With a horse that has been a rescue and abused its not just a "dont mes around and do it" type deal, that's how people get killed and horses turn into completely unmanageable horses. You need to work on being less harsh this person has obviously done the best she can and I think she's doing great. Learn some manners and be polite.

Although I do agree with the sedating the horse and training later. You guys have to find a farrier that's willing to hold all of a horses weight while trimming horrible hooves.
tbstorm likes this.
     
    08-06-2011, 05:15 PM
  #9
Foal
I think the saying 'no hoof no horse' is pretty accurate. If her feet are really that bad then, like the others are saying, sedate, trim and treat.

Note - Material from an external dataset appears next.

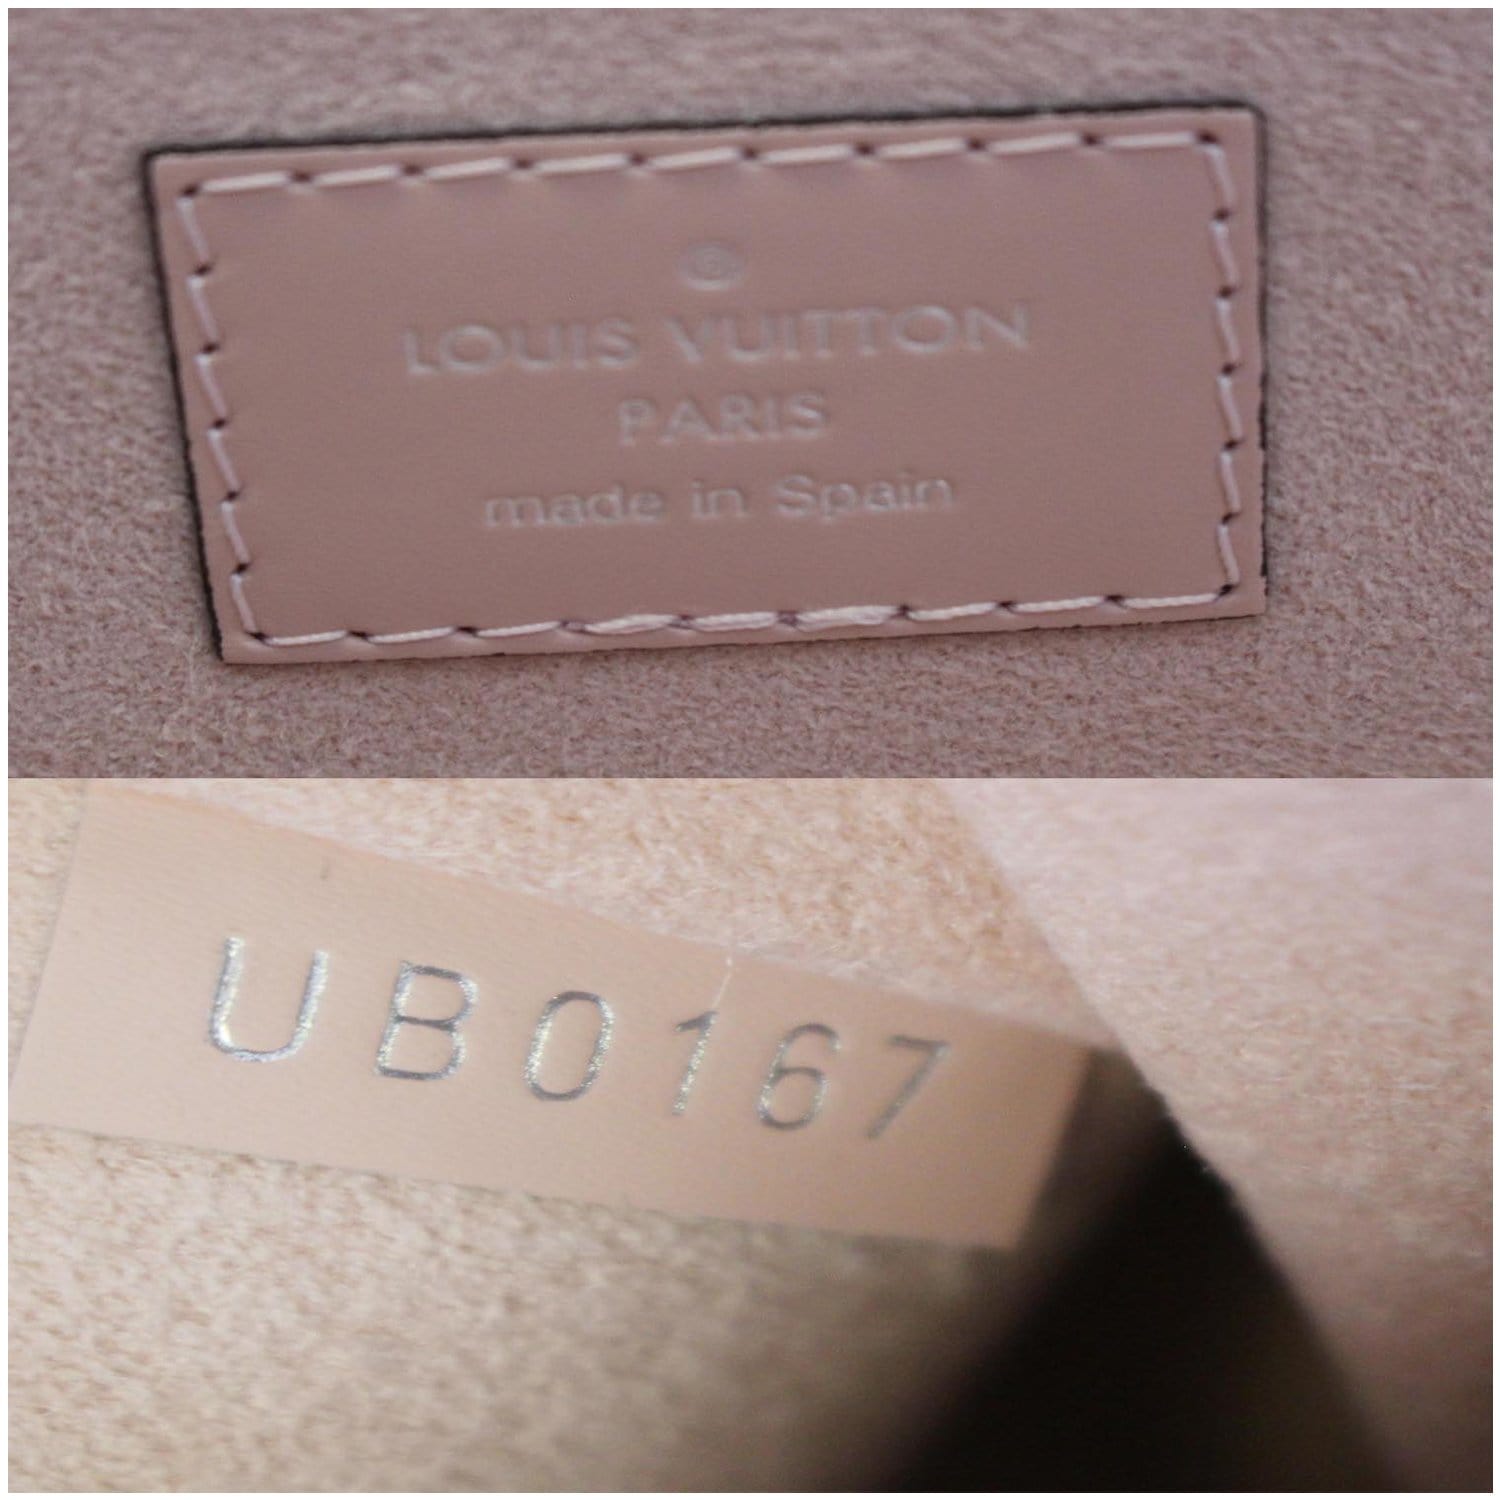 Louis Vuitton Rose Ballerine Epi Leather Neverfull MM Bag

The conditioner idea is a good un. So many horses have poor, cracked, dry feet that can be solved with a simple lick of conditioner. Cornocresin (sp??) works wonders sometimes... O.o
     
    08-06-2011, 05:19 PM
  #10
Green Broke
Quote:
Originally Posted by HannahFaith    
With a horse that has been a rescue and abused its not just a "dont mes around and do it" type deal, that's how people get killed and horses turn into completely unmanageable horses. You need to work on being less harsh this person has obviously done the best she can and I think she's doing great. Learn some manners and be polite.

Although I do agree with the sedating the horse and training later. You guys have to find a farrier that's willing to hold all of a horses weight while trimming horrible hooves.
Here's what you're not understanding. From Feb to now the hooves have not been touched. I understand the horse has issues but in any case the hooves are important and should have been taken care of way before the OP saw a problem. There are ways to get this animal under control for feet and vaccs. Should have been done months ago.